Claims
- 1. An ESD protection circuit comprising:
a gateable channel disposed between first and second lines; a first filter to receive a signal of the first line and to filter the signal to establish a first output signal; a second filter to receive and filter the signal to establish a second output signal; and logic circuitry to enable the gateable channel based on the first and second signals.
- 2. The circuit according to claim 1, in which the logic circuitry disables the gateable channel when it determines a non-ESD event.
- 3. The circuit according to claim 2, in which the logic circuitry enables the gateable channel when it determines an ESD event and disables the gateable channel when it determines a non-ESD event.
- 4. The circuit of claim 1, in which the first filter comprises a low-pass filter.
- 5. The circuit of claim 4, in which the second filter comprises a high-pass filter.
- 6. The circuit of claim 1, in which
the first filter comprises a low-pass filter having a frequency cut-off and operable to pass a DC component, and the second filter comprises a high-pass filter having a frequency response to pass frequencies greater than the frequency cut-off of the first filter and operable to block a DC component of the signal received.
- 7. The circuit of claim 6,
the first line to carry a supply signal; and the first and second filters in combination with the logic circuitry to distinguish different slew-rate transients.
- 8. The circuit of claim 6, the first and second filters in combination with the logic circuitry to
discern an ESD event from a non-ESD event; drive the gateable channel with a first level upon determining an ESD event, and drive the gateable channel with a second level different from the first level upon determining a non-ESD event.
- 9. The circuit of claim 8,
the logic circuitry to enable the gateable channel when
the first output signal is below a first predetermined threshold, and the second output signal exceeds a second predetermined threshold; and the logic circuitry to disable the gateable channel when
the first output signal exceeds the first predetermined threshold.
- 10. The claim of claim 9, the logic circuitry further to disable the gateable channel when the second output signal is less than the second predetermined threshold.
- 11. The circuit of claim 9, in which:
the gateable channel comprises:
an N-channel MOSFET having its channel disposed between the first and second lines, and a gate to receive a bias to affect a conductivity of the channel; and the logic circuitry comprises:
an inverter to drive the gate of the N-channel MOSFET; and a NAND gate to drive the inverter with a signal based on the first and second output signals.

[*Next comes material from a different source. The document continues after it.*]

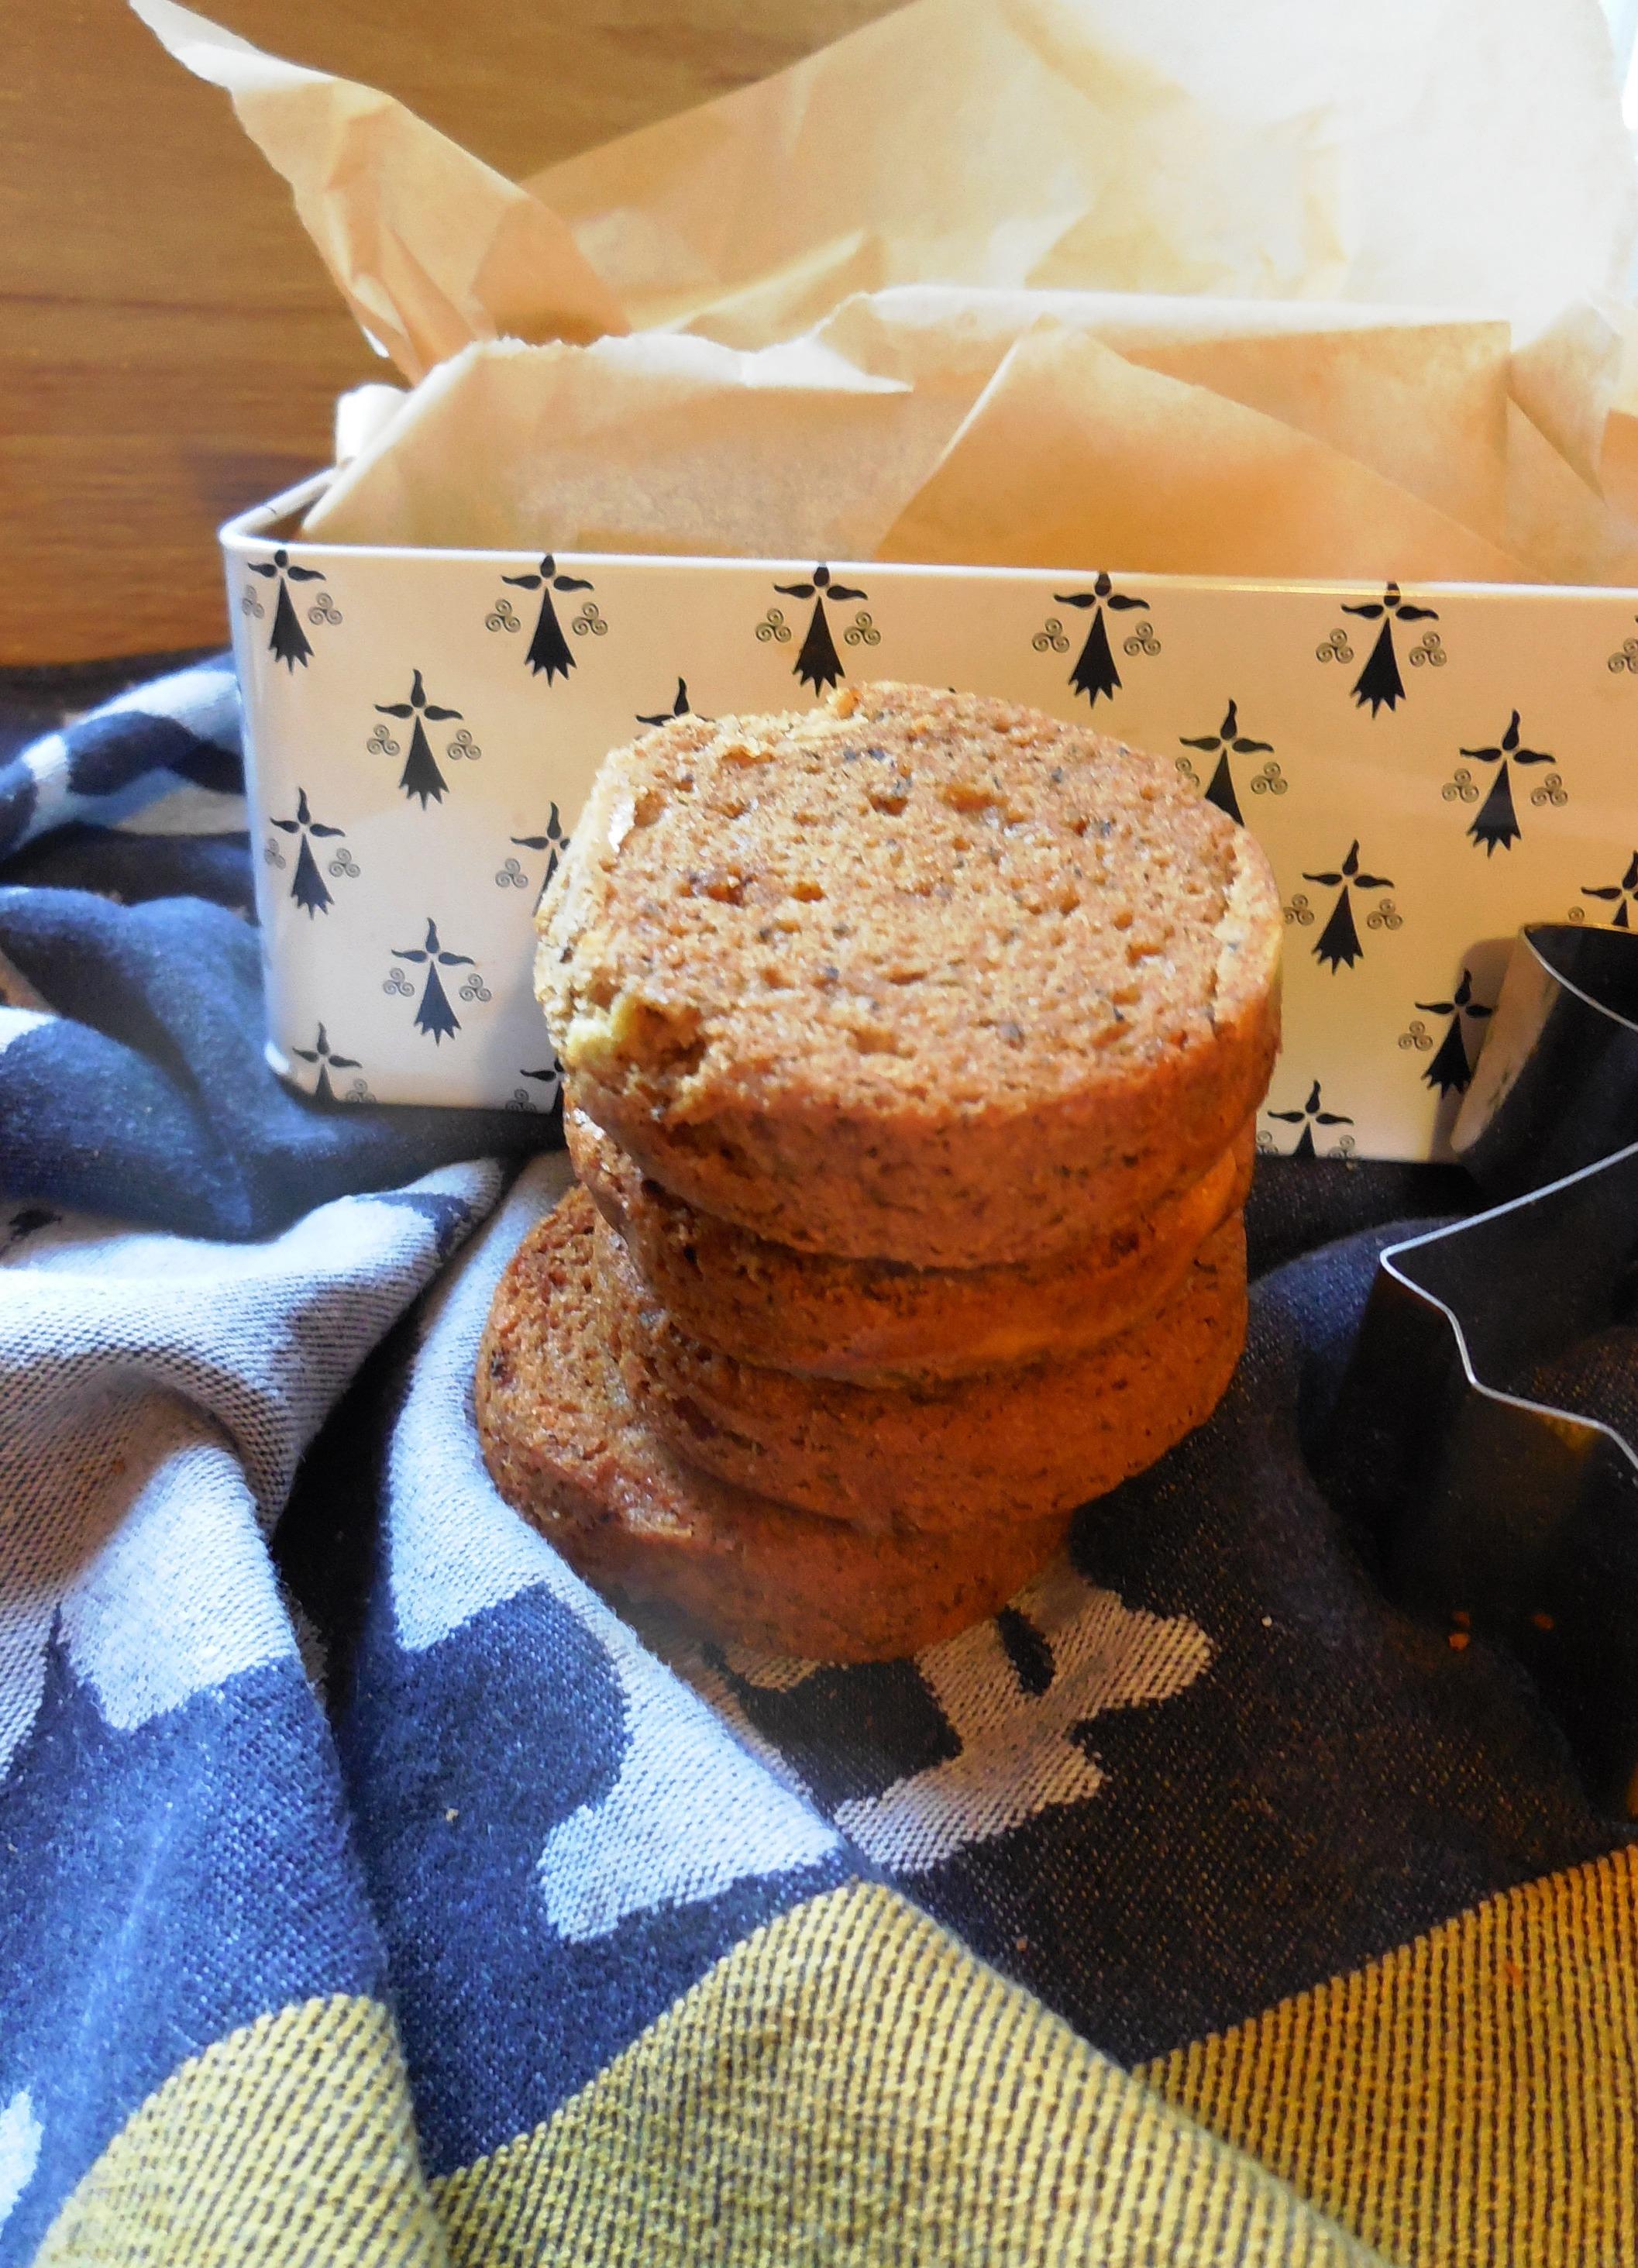 Palets bretons au sarrasin

- 12. The circuit of claim 11, in which
the NAND gate comprises at least first and second inputs; the first and second inputs of the NAND gate to be driven by the first and second output signals respectively; and the logic circuitry further comprises a second inverter to invert the first output signal and to drive the first input of the NAND gate with the first output signal inverted.
- 13. The circuit of claim 12, in which the second inverter comprises a tripping point defining the first threshold level; and the NAND gate comprises a tripping point defining the first threshold level.
- 14. The circuit of claim 1, in which
the first line comprises a supply bus; and the first filter comprises low-pass filter having a time constant characteristic of magnitude less than a predetermined power-up time constant for the supply bus.
- 15. The circuit of claim 14, in which the second filter comprises a high-pass filter having a frequency entry in the vicinity of the cut-off frequency of the low-pass filter.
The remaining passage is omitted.